CRISPR Delivered Anti-BCMA Car-T Therapy for Relapsed or Refractory Multiple Myeloma

NCT07340853 | Recruiting Phase 1 DMC FDA Drug

• 2 other identifiers: 25707NCI-2025-08425
• Study Type: interventional
• Target: 30
• Locations: 1 country
• Sites: 1

Brief Summary

This phase Ib trial tests the safety, side effects and best dose of clustered regularly interspaced short palindromic repeats (CRISPR) delivered anti-B-cell maturation antigen (BCMA) chimeric antigen receptor (CAR)-T cells (1XX BCMA CAR-T cells) in treating patients with multiple myeloma that has come back after a period of improvement (relapsed) or that has not responded to previous treatment (refractory). Anti-BCMA CAR-T cell therapy is a type of treatment in which a person's T cells (a type of immune system cell) are changed in the laboratory so they will attack cancer cells. T cells are taken from a patient's blood. Then the gene for a special receptor that binds to a certain protein, such as BCMA, on the patient's cancer cells is added to the T cells in the laboratory by a tool called clustered regularly interspaced short palindromic repeats (CRISPR)-Cas9. The special receptor is called a CAR. Large numbers of the CAR-T cells are grown in the laboratory and given to the patient by infusion for treatment of certain cancers. Giving chemotherapy before CAR-T cells may decrease the number of lymphocytes (a type of white blood cells) in the blood and may help the 1XX BCMA CAR-T cells fight the cancer cells. Treatment with 1XX BCMA CAR-T cells may be safe, tolerable, and/or effective in treating patients with relapsed or refractory multiple myeloma (RRMM).

Conditions

Recurrent Multiple Myeloma; Refractory Multiple Myeloma; Multiple Myeloma

Keywords

CAR T; CRISPR

Outcome Measures

Primary Outcomes (5)

• Proportion of participants with treatment-emergent adverse events

  Proportion of participants with treatment-emergent adverse events of CAR-T in RRMM as graded by National Cancer Institute Common Terminology Criteria for Adverse Events (NCI CTCAE version 5.0), revised Cytokine Release Syndrome (CRS) grading criteria (for CRS grading), and the American Society for Transplantation and Cell Transplantation (ASTCT) Immune effector cell-associated neurotoxicity syndrome (ICANS) Consensus Grading for Adults (for neurotoxicity grading).
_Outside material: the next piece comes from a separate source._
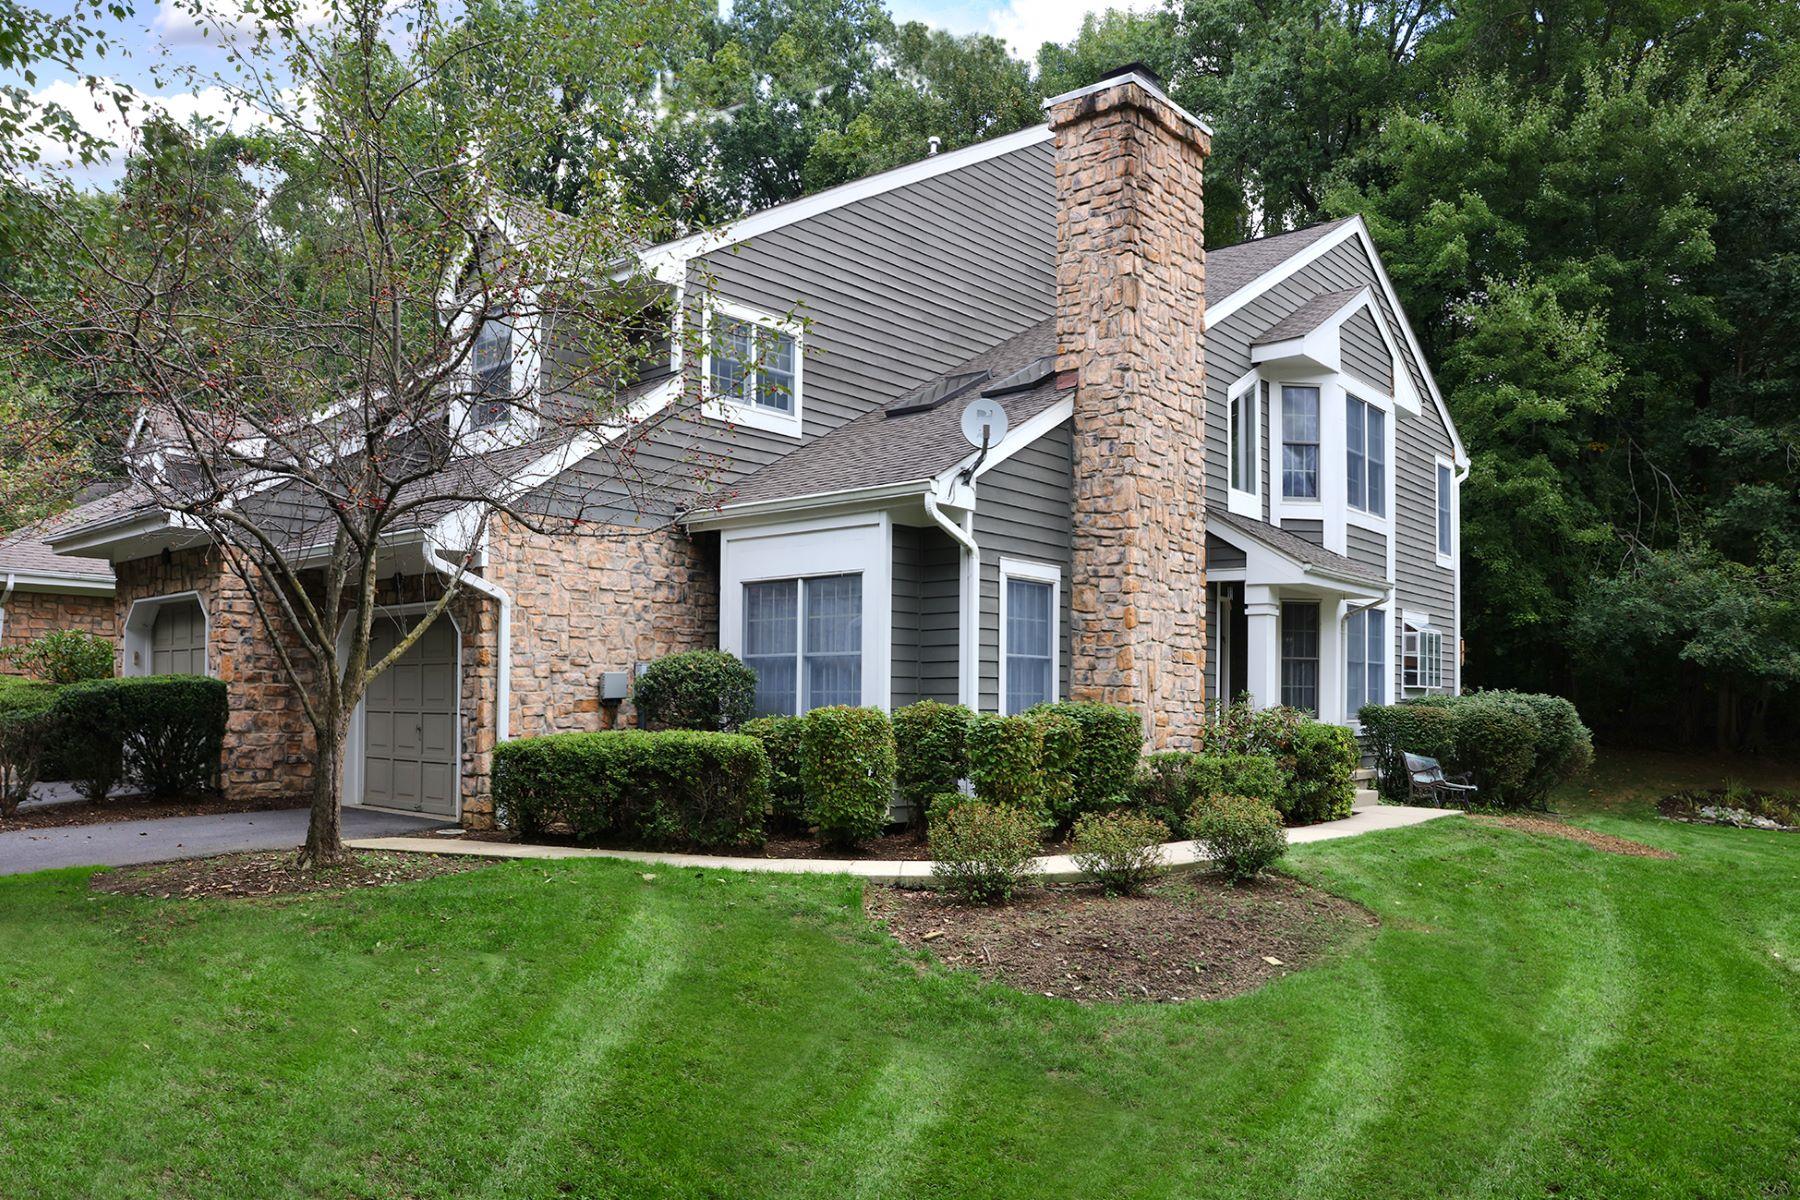 Stadthaus für Verkauf beim Elegant Townhome In The Woods At Princeton Walk 10 Sage Court, Princeton, New Jersey 08540 Vereinigte StaatenIn/Rund um: South Brunswick

  Up to 12 months following CAR-T infusion

• Proportion of participants who experience dose-limiting toxicity (DLT) (Dose Escalation)

  The DLT evaluable analysis set includes all participants in the dose-finding part of the study who have received the target doses of anti-BCMA CAR-T cell product, and who have either experienced a DLT or were followed for the full DLT evaluation period. The trial observation period for dose limiting toxicities will conclude at day 30 (approximately 4 weeks after CAR-T cell infusion)

  Up to 30 days

• Maximum Tolerated Dose (MTD) (Dose Escalation)

  The DLT evaluable analysis set includes all participants in the dose-finding part of the study who have received the target doses of anti-BCMA CAR-T cell product, and who have either experienced a DLT or were followed for the full DLT evaluation period (within 28 days following infusion of CAR-T cells targeting BCMA). The MTD is defined as the dose level immediately below that in which ≥ 2/6 participants experience a DLT.

  Up to 28 days

• Best Overall Response Rate (BORR) (Dose expansion + MTD dose escalation cohort)

  ORR is defined as the proportion of participants with stringent complete response (sCR), complete response (CR), very good partial response (VGPR), partial response (PR), as per International Myeloma Working Group (IMWG) criteria, as best overall response over the total population. ORR will be reported as proportion with 90% binomial confidence interval for the expansion cohort including the patients on MTD in the dose escalation cohort(s).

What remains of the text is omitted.